Desentralisasi bukan sekedar
memindahkan sistem politik dan ekonomi yang lama dari pusat ke daerah, tetapi
pemindahan tersebut harus pula disertai oleh perubahan kultural menuju arah
yang lebih demokratis dan beradab. Melalui desentralisasi diharapkan akan
meningkatkan peluang masyarakat untuk berpartisipasi dalam proses pengambilan
kebijakan yang terkait dengan masalah sosial, politik, ekonomi. Hal ini
sangatlah dimungkinkan karena karena lokus pengambilan keputusan menjadi lebih
dekat dengan masyarakat. Melalui proses ini maka desentralisasi diharapkan akan
mampu meningkatkan penegakan hukum; meningkatkan efisiensi dan efektifitas
pemerintah dan sekaligus meningkatkan daya tanggap, transparansi dan
akuntabilitas pemerintah daerah. Beberapa pengalaman empirik memang telah
membuktikan bahwa desentralisasi tidak selalu berbanding lurus dengan
terwujudnya good governance. Keberhasilan beberapa pemerintah daerah
dalam membangun kinerja pelayanan publiknya hingga saat ini masih bisa dihitung
dengan jari. Namun demikian pilihan untuk kembali ke arah sentralisasi tentunya
bukanlah pilihan yang bijaksana dan hanya akan bersifat kontraproduktif belaka.

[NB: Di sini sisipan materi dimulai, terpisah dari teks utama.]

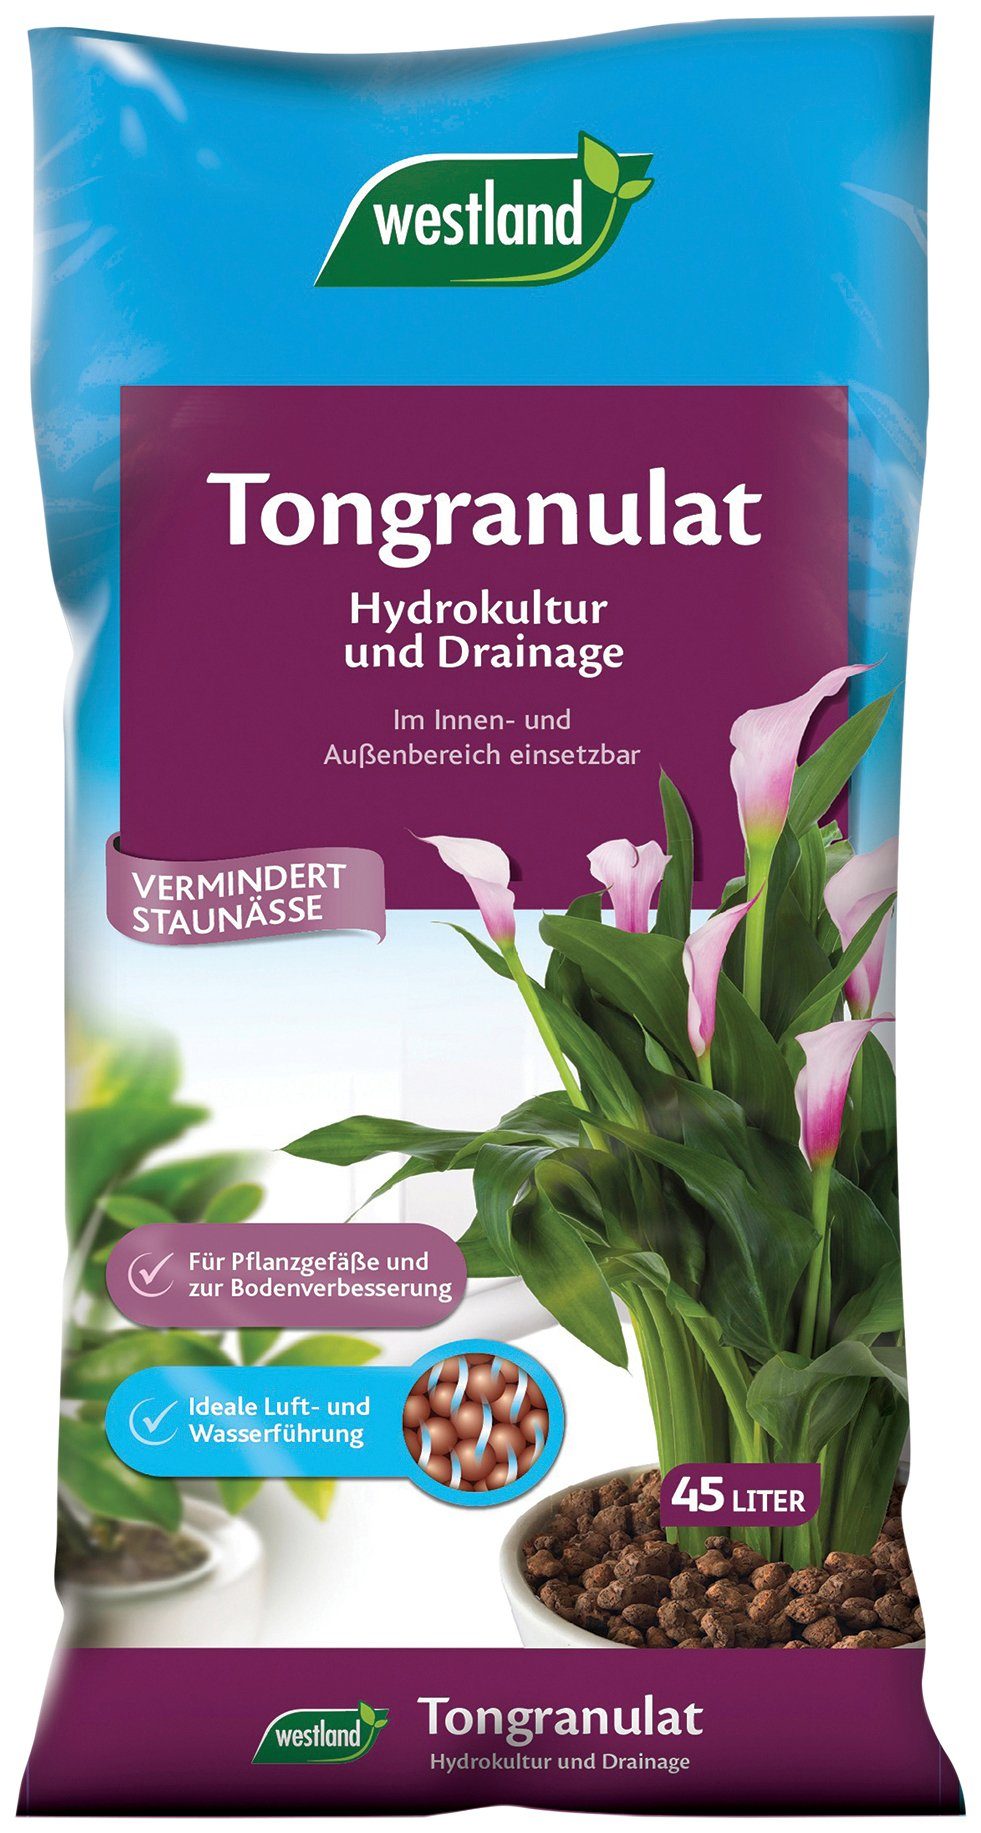 Westland Tongranulat Drainagematerial, Hydrokultur, 45 Liter online kaufen  | OTTO

Pilihan pada desentralisasi sesungguhnya haruslah disikapi dengan penuh
optimisme dan menjadikannya sebagai sebuah tantangan. Caranya adalah melalui
kampanye yang terus menerus akan pentingnya implementasi good governance
di level pemerintahan daerah. Tentu saja perwujudan desentralisasi yang
nyata dan bertanggung jawab serta keberhasilan good governance di daerah
bukanlah suatu hal yang instan semudah membalikan telapak tangan. Diperlukan
komitmen yang kuat, proses pembelajaran yang terus menerus serta kesabaran
kolektif dari segenap pemangku kepentingan baik di pusat maupun di
daerah.
2.2
Hubungan Good Governance dengan Demokrasi
Konsep governance mulai
berkembang pada awal 1990-an ditandai dengan adanya cara pandang (point of
view) yang baru terhadap peran pemerintah (government) dalam menjalankan sistem
pemerintahan. Pandangan ini muncul karena peran pemerintah dinilai terlalu
besar dan terlalu berkuasa, sehingga masyarakat tidak memiliki keleluasaan dan
ruang untuk berkembang (Basuki dan Shofwan, 2006:8). Pemerintah telah merasa
menjadi institusi yang paling mengetahui dan mengerti apa yang diinginkan oleh
masyarakat, sehingga banyak kebijakan yang dibuat tanpa diwacanakan terlebih
dahulu kepada masyarakat atau tanpa
merasa perlu mendengar aspirasi dari masyarakat. Hal ini akhirnya
membuat kebijakan bersifat top down dan masyarakat hanya bisa tinggal
menerima saja, tindakan yang seperti ini justru menjadikan dukungan kepada
pemerintah dari masyarakat menurun.
Istilah governance dalam
bahasa Inggris berarti “the act, fact, manner of governing”, yang berarti
adalah suatu proses kegiatan. Kooiman dalam Sedarmayanti (2004:2) mengemukakan
bahwa governance ialah”…serangkaian proses interaksi sosial politik
antara pemerintah dengan masyarakat dalam berbagai bidang yang berkaitan dengan
kepentingan masyarakat dan intervensi pemerintah atas kepentingan-kepentingan
tersebut”. Pada dasarnya, istilah governance bukan hanya berarti kepemerintahan
sebagai suatu kegiatan saja, melainkan juga mengacu kepada arti pengurusan,
pengarahan, pengelolaan, dan pembinaan penyelenggaraan. Dan berdasarkan dari
apa yang diungkapkan oleh Kooiman di atas, dapat dipahami bahwa keterlibatan
masyarakat dalam sistem pemerintahan merupakan semangat yang terdapat dalam
konsepgood governance.
United Nations
Development Program dalam Sedarmayanti (2004:3)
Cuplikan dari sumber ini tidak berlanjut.